====== DATA EXCERPT

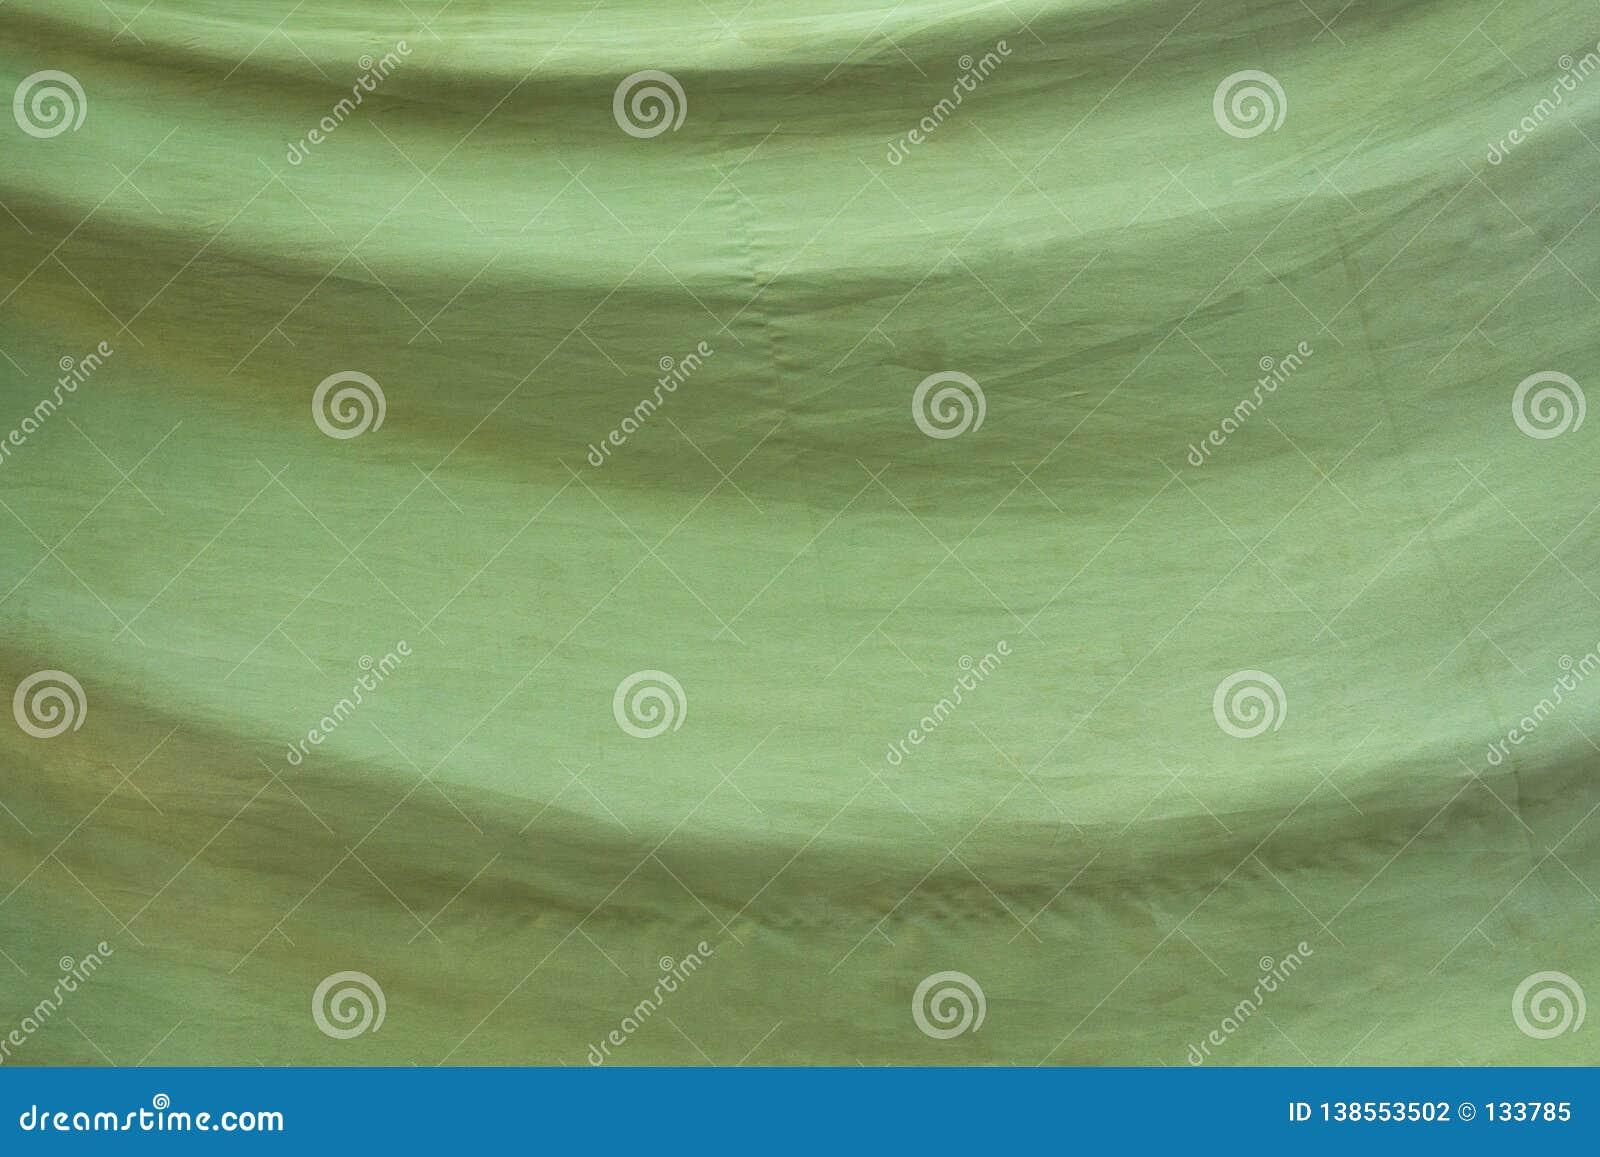 Παλαιό εξασθενισμένο πράσινο ύφασμα με τις πτυχές Σύσταση τραχιάς επιφάνειας
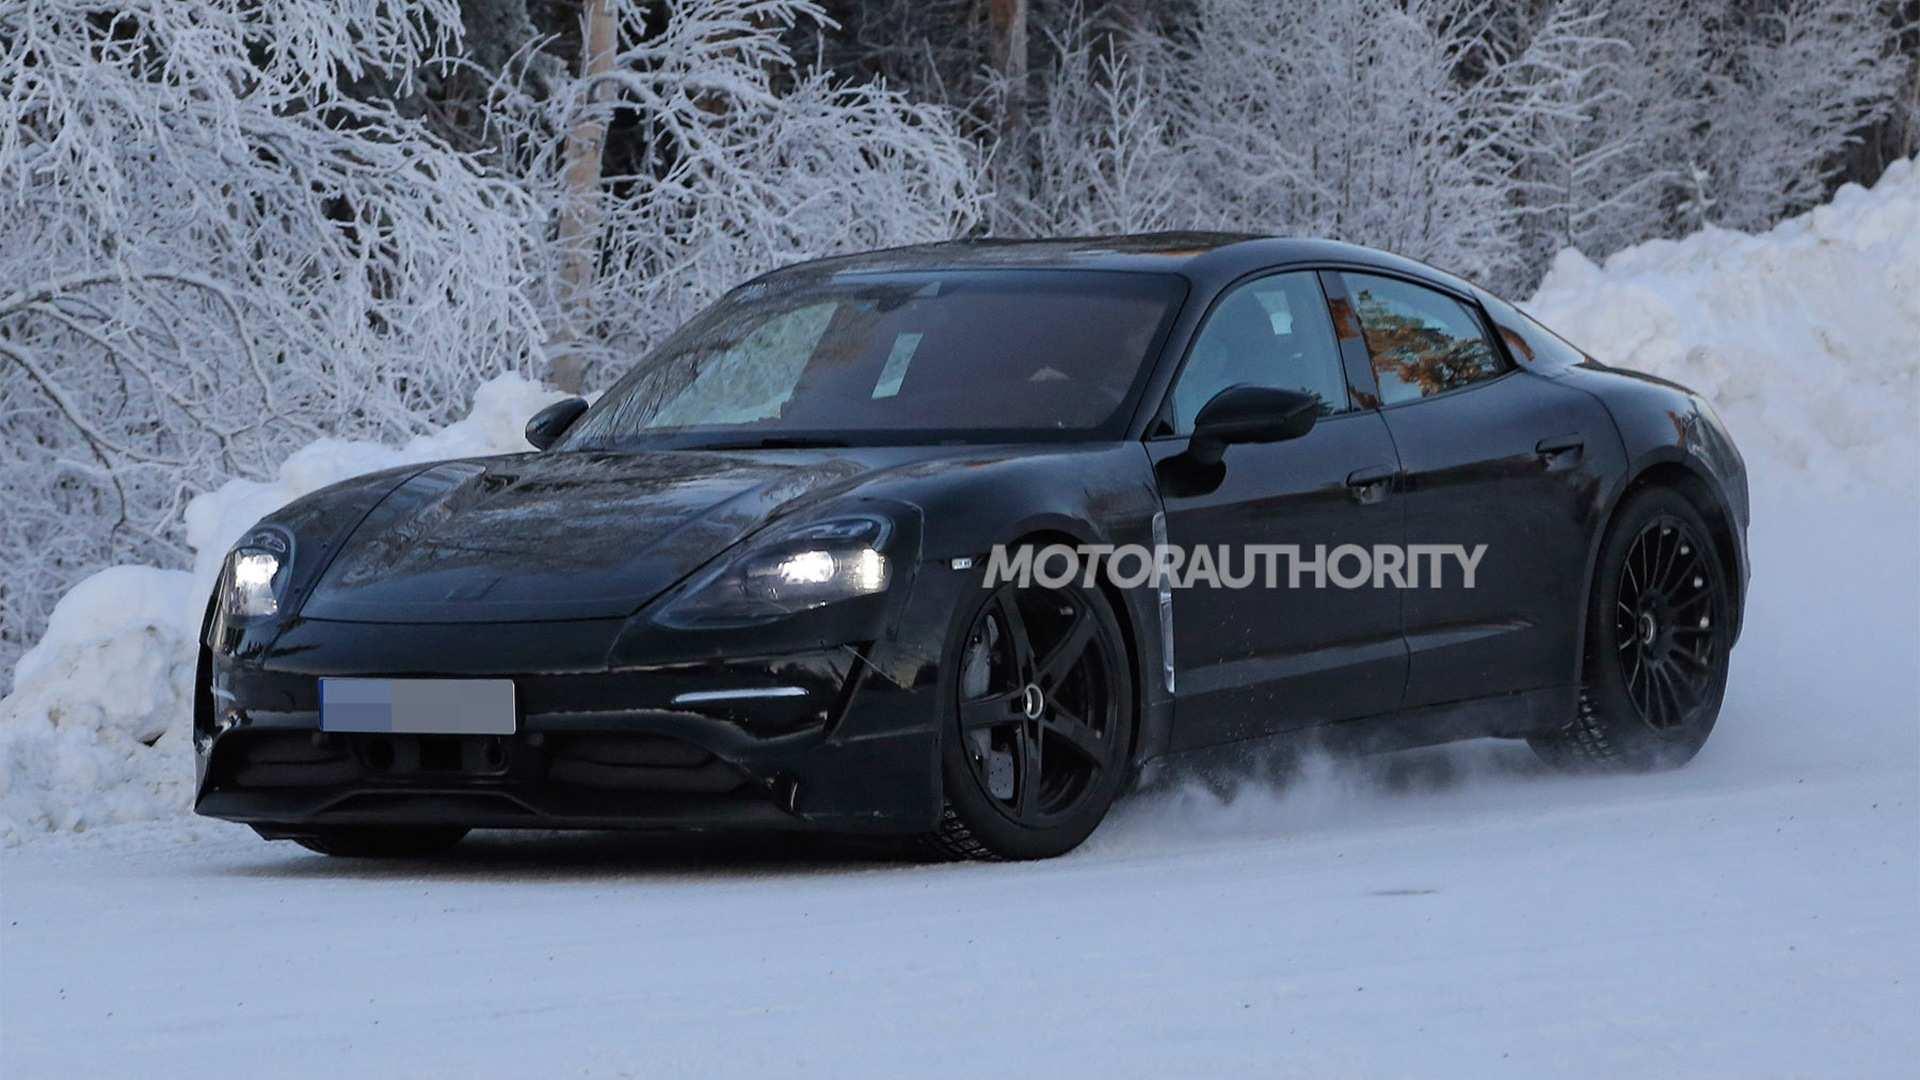 62 New 2020 Porsche Electric Car Spesification with 2020 Porsche Electric Car
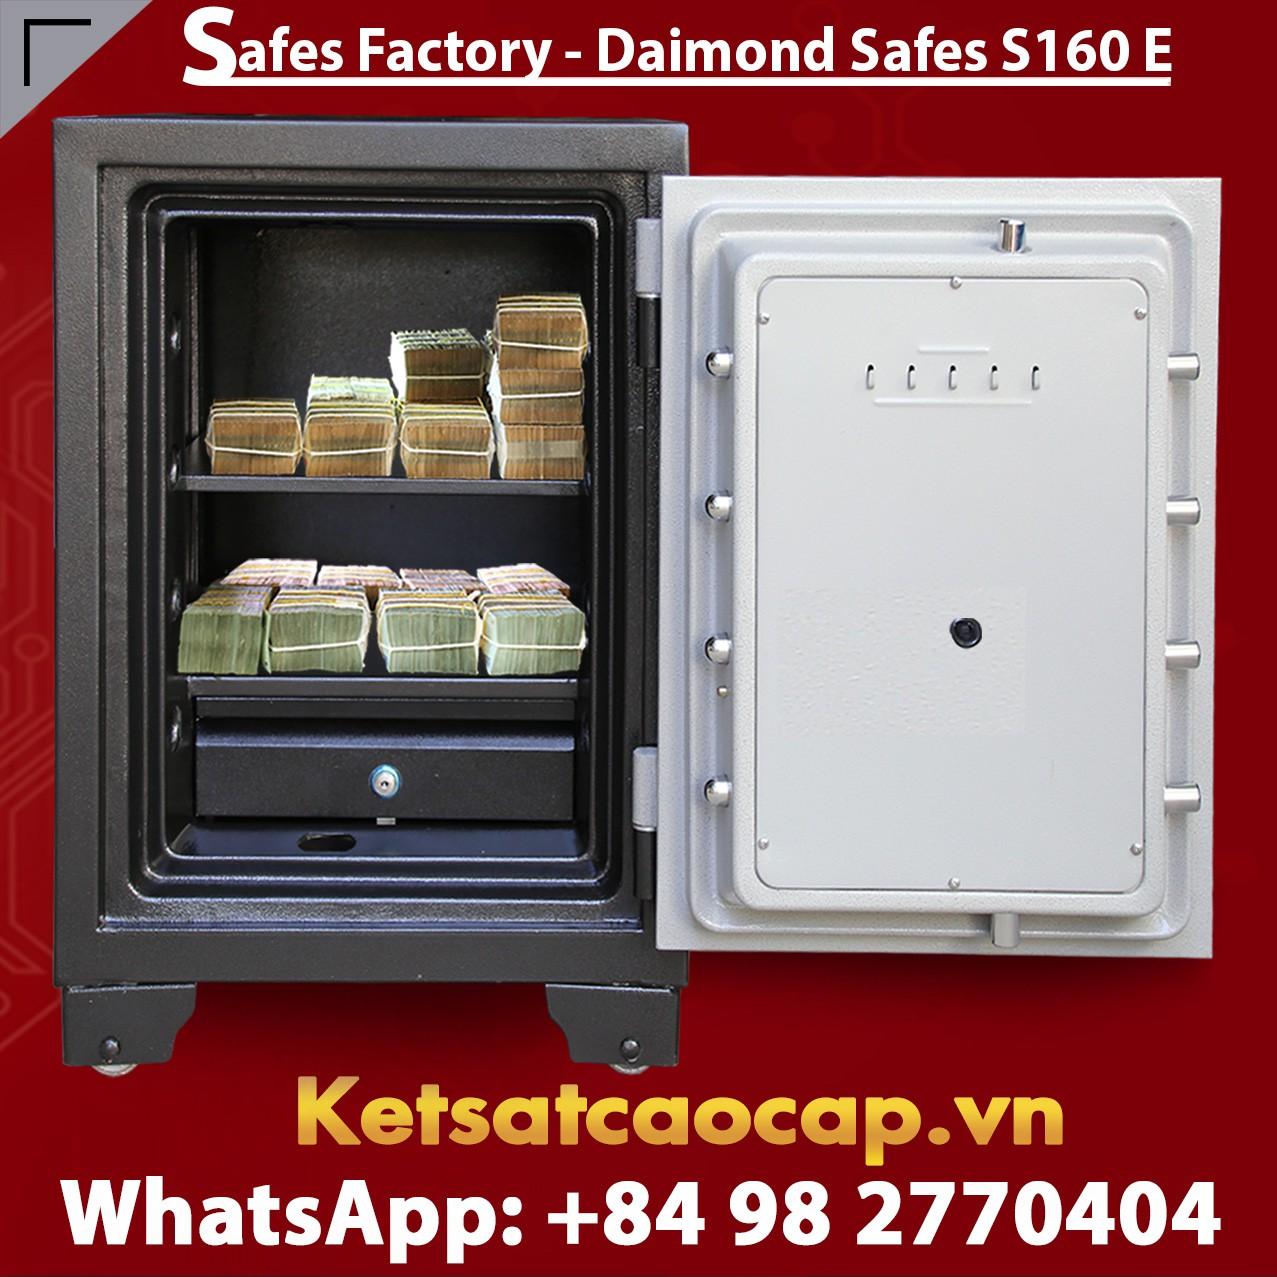 Home Safe Welko S160 E

============

YOUR INSTRUCTIONS :: All of the data above should be transcribed verbatim, with pictures omitted.

RESPONSE TO THIS TASK ::
 Παλαιό εξασθενισμένο πράσινο ύφασμα με τις πτυχές Σύσταση τραχιάς επιφάνειας
 62 New 2020 Porsche Electric Car Spesification with 2020 Porsche Electric Car
 Home Safe Welko S160 E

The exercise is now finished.